This case-study article shared several interesting and insightful tid-bits:

1. The practice saves money on benefits, but offers slightly higher-than-usual salaries to its employees, in order to retain them.

2. Because the employees are not just part-timers, but job-sharers, they are more invested in their positions, because there is a higher level of accountability.

3. Several people in the article observed that job-share relationships work best when the two individuals are similar in work personalities and working style. In other words, it’s not good to have an “opposites attract” attitude here.

4. Job-sharing tends to work best in smaller numbers. The higher the number of individuals job-sharing, the higher the possibility for errors. So, job-sharing should not be taken lightly. Individuals not only need to be committed to their jobs, but to working with another individual.

5. The article stated that while the Labor Department doesn’t have a policy on job-sharing, individual states might. So, physicians should always check with a lawyer when setting up this kind of relationship. We like this kind of conservative advice.

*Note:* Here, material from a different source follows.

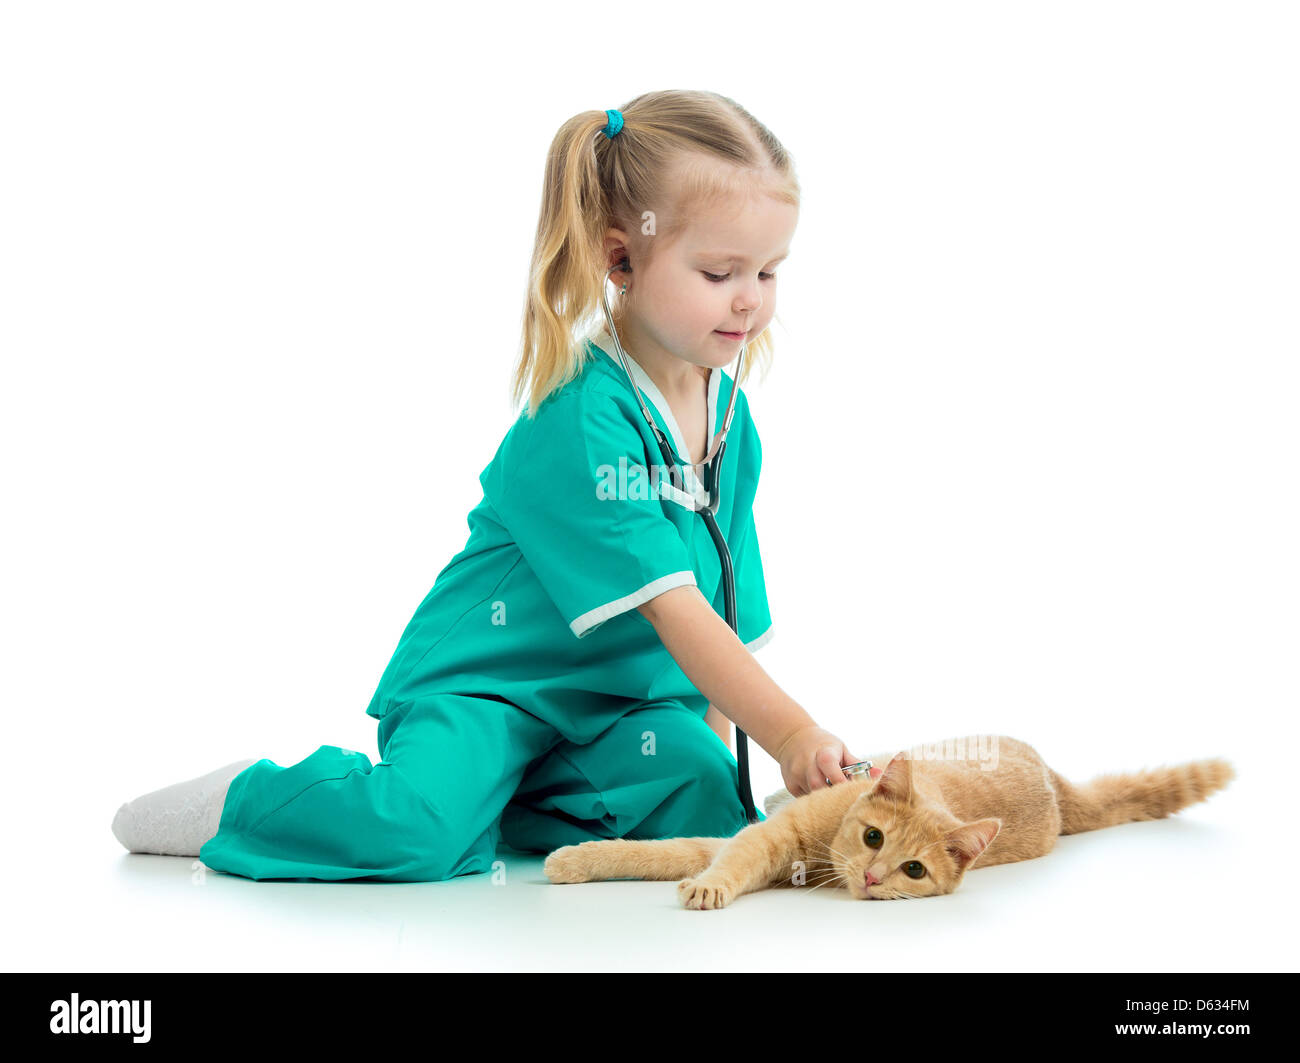 Cute kid girl playing doctor avec cat isolated Banque D'Images

And, if you would like to consider doing a job-share, you may also want to consider the following:

1. Make sure that you have the appropriate amount of med mal insurance coverage for yourself and the practice. Generally, if you are working 20 hours or less per week, you may qualify for part-time med mal coverage –which can save you a lot of money. If you feel that you may qualify for this, discuss it with your insurance agent. (As always, med mal insurance companies and policies can vary.) And, while the lure of saving money is powerful, it is never a good idea to try and go for a part-time policy unless you are truly working part-time hours. Med mal insurance companies have been known to audit their part-time clients. If it is found that a physician is working more than the allowed hours, coverage can be withdrawn and claims can go uncovered.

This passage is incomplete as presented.